Теперь склонила голову Биэль, ниже и почтительнее, однако весьма далеко от придворного челобитья. Как младший старшему, а не слуга — господину.
— Сколько? — спросил Оттовио, решив, что если уж беседа все-таки завязалась, некоторые вещи можно прояснить и голосом, дав отдых утомленным глазам.
— Две тысячи сто тридцать жандармов, — ответила маркиза и тут же поправилась. — Копий жандармов.
— Хорошо, — кивнул император, шевеля пальцами, черно-синими от въевшихся чернил.

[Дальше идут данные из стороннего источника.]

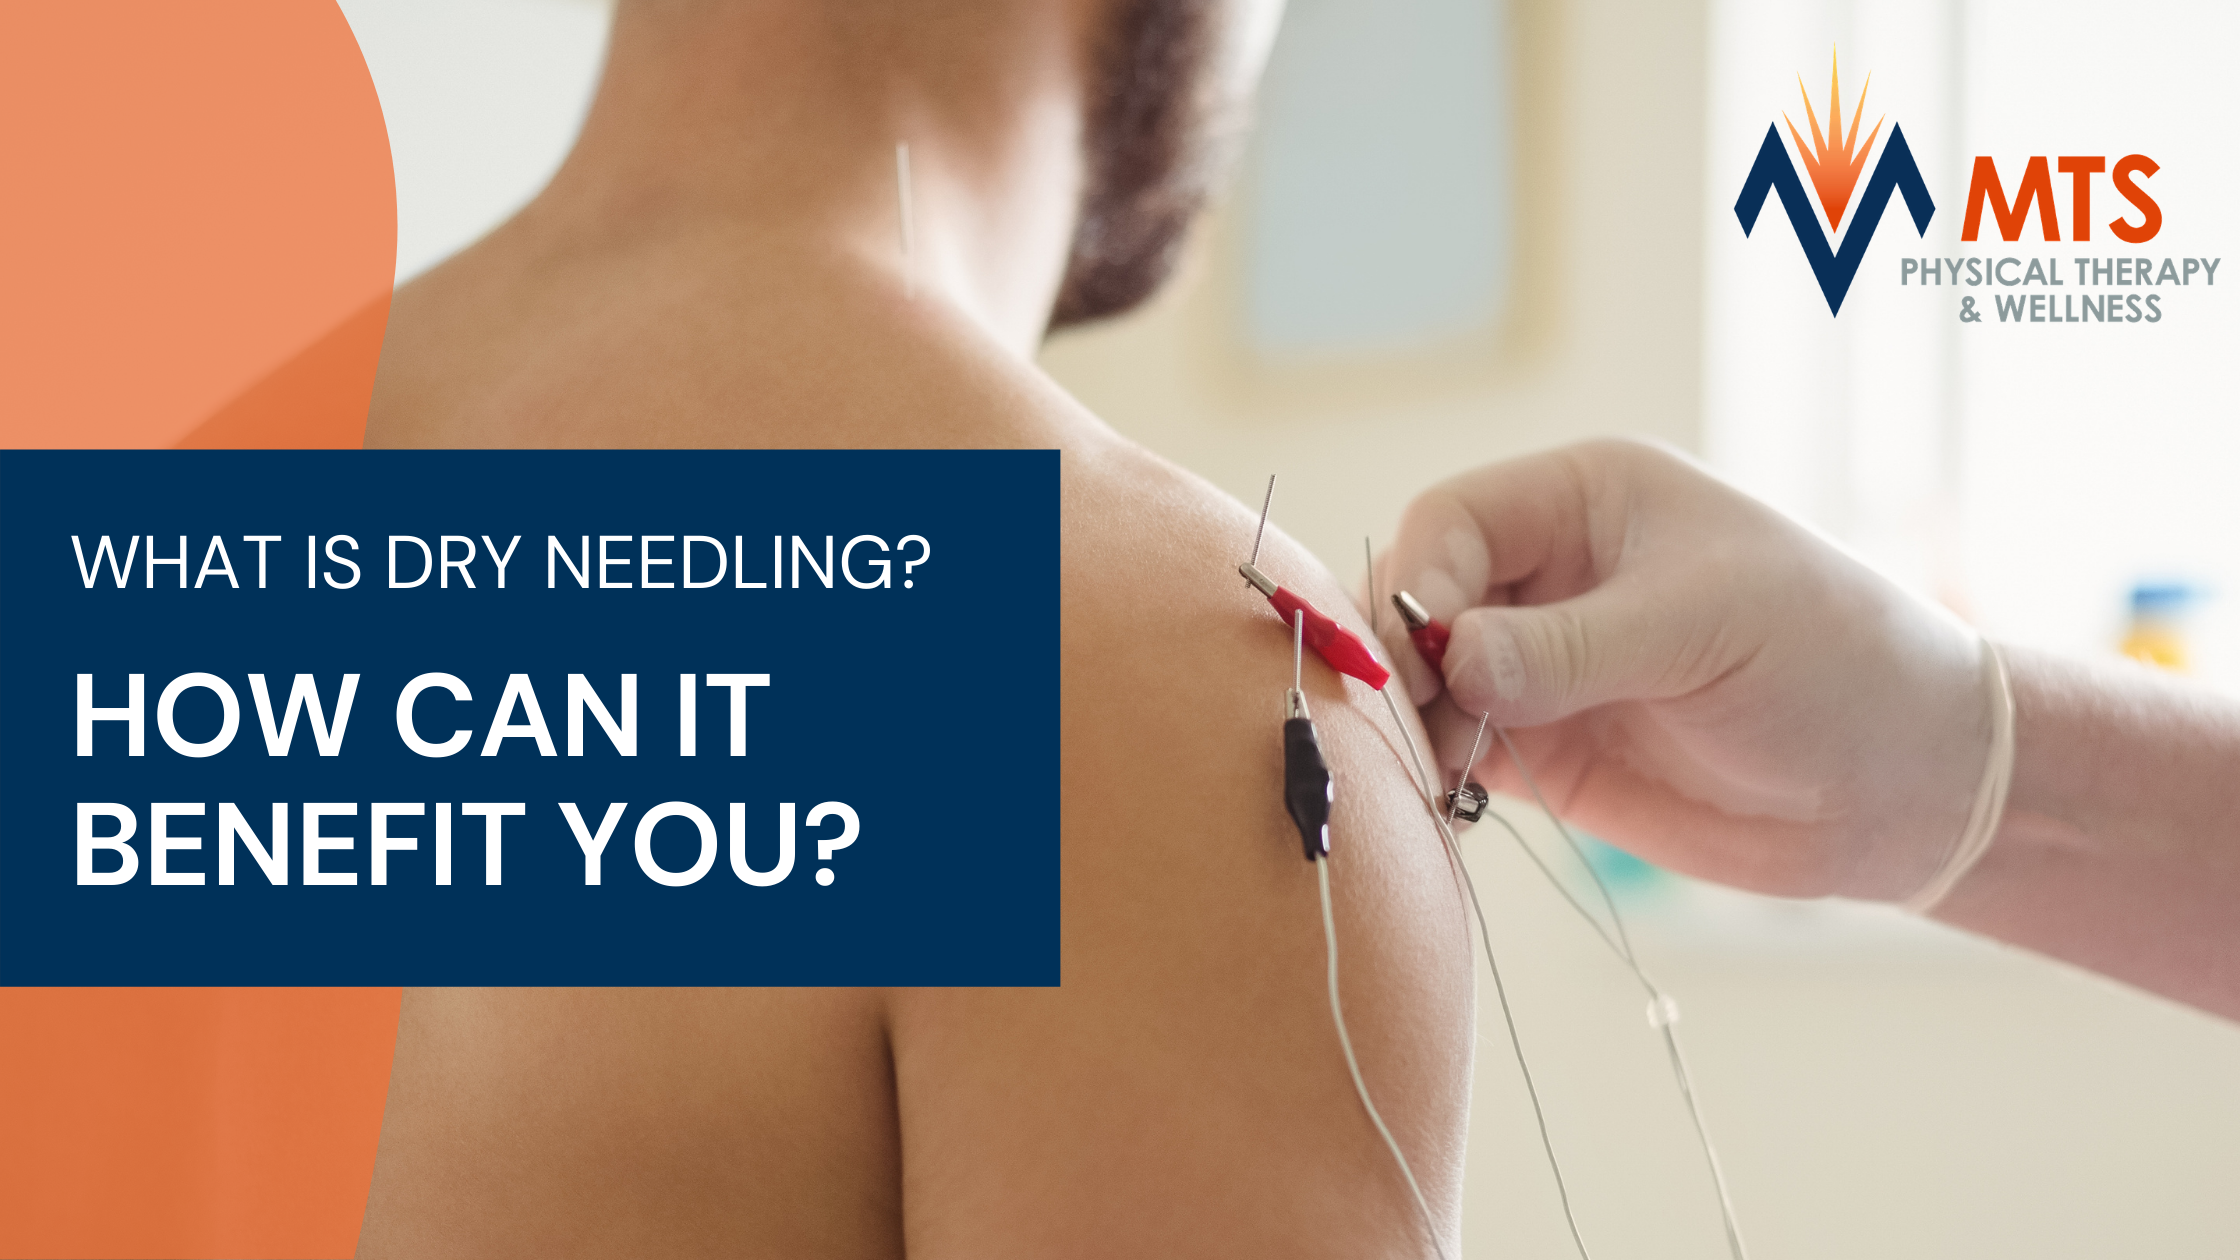 What Is Dry Needling And How Can It Benefit You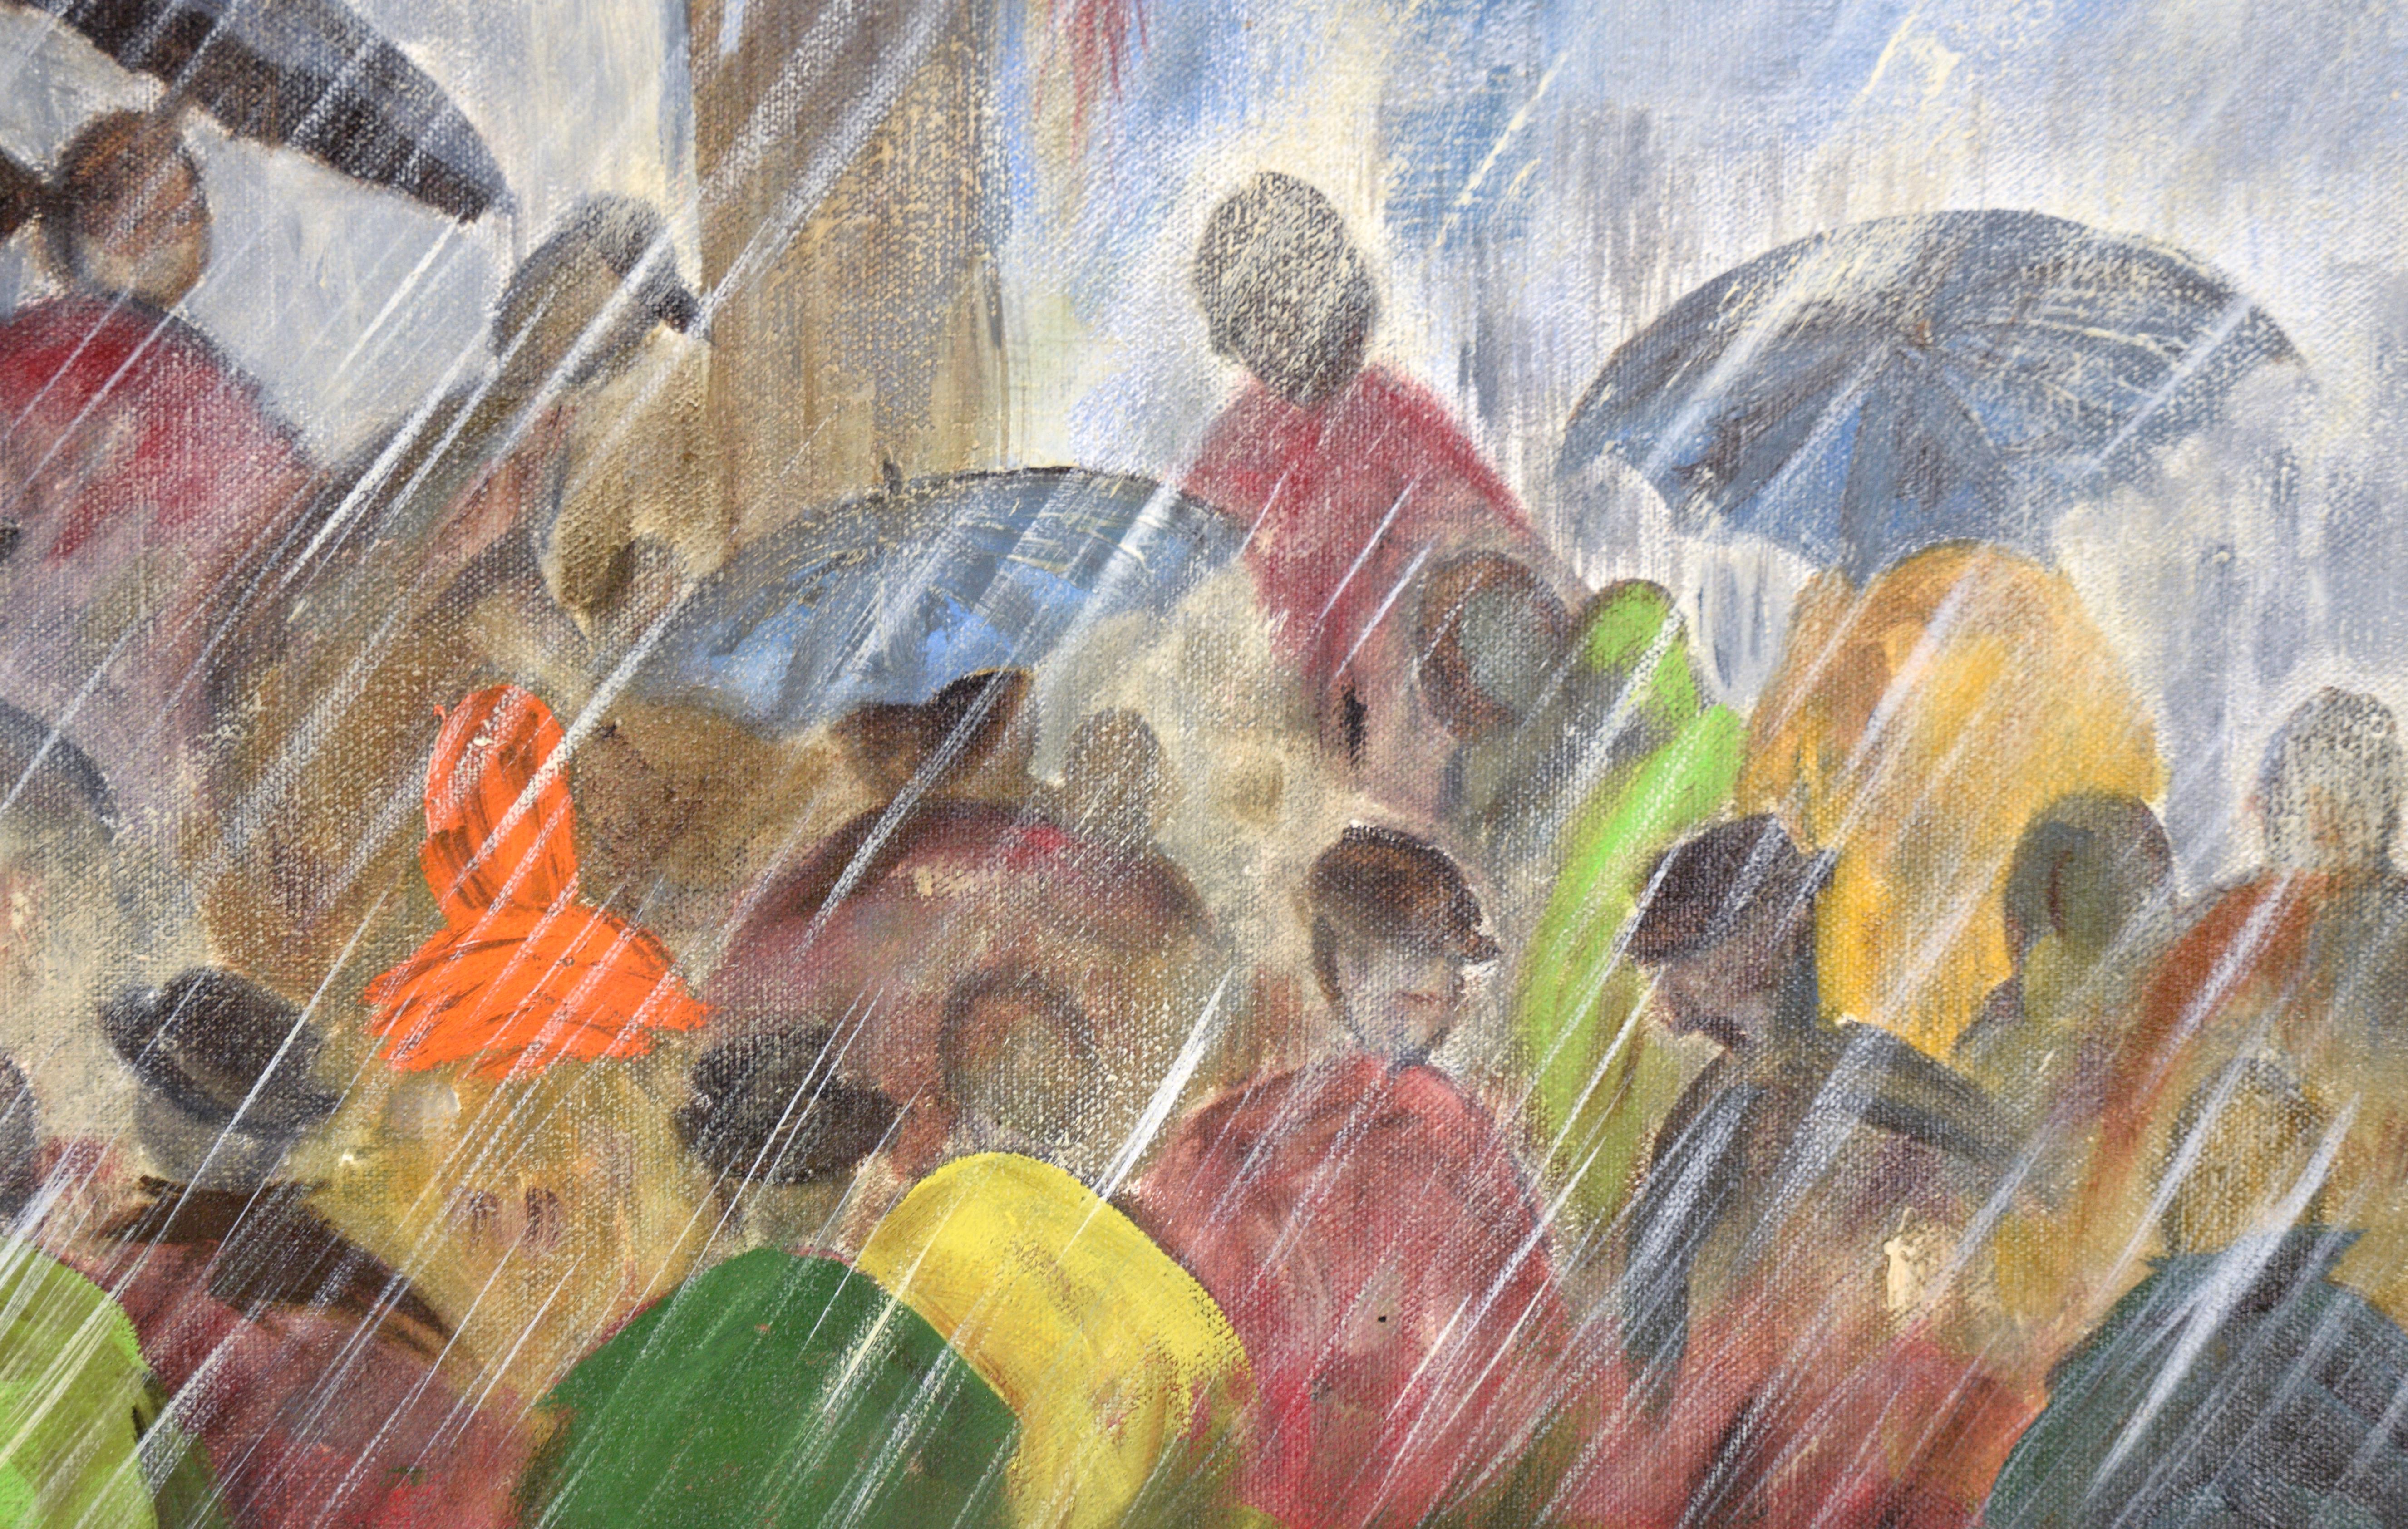 Pouring Down in the Streets - Paysage urbain pluvieux en vente 1

В коридоре что-то уронили, послышалась ругань и звук оплеухи, затем рявкнул стражник, и дальше нерадивые трудились молча. Работа шла, несмотря на поздний час. Император пожелал молельную, обустроенную по собственному вкусу — император получит ее.
Оттовио тяжело вздохнул и посмотрел на заваленный пергаментом и бумагами стол. Точнее на сложное сооружение в центре которого находился стол, а по обе стороны в виде рогов полумесяца растягивались тумбы, шкафы, опять столы, пюпитры… И конечно же бумаги, бумаги, еще больше исписанных бумаг с расчетами, прошениями, отчетами, просьбами.
— Воистину, каждый мальчик желает стать могущественным правителем, — грустно подумал вслух Оттовио. — И никто не ждет, что могущество — в первую и главную очередь не бешеная скачка в первых рядах войска навстречу победам. Это кропотливая работа, не терпящая небрежения.
— Да, мой император, — согласилась Биэль. Лицо маркизы казалось бледно-мраморным из-за обилия пудры, глаза прикрывала крошечная вуаль, якобы от яркого света, но молодой император хорошо знал свое ближайшее окружение и видел, что полупрозрачная ткань скрывает синяки вокруг глаз. И темные круги, похожие на грим ярмарочного фигляра, происходят отнюдь не из-за усталости. Впрочем, Оттовио действительно многому научился за минувший год, в том числе — не стремиться лезть в жизнь и душу тех, кто и так справляется с обязанностями. Если благородная дочь Вартенслебен изволит печалиться — это ее неотъемлемое право. До тех пор, пока на стол повелителю ложатся по-прежнему безукоризненные и выверенные отчеты о состоянии финансов Двора и продолжающемся наборе вооруженной силы.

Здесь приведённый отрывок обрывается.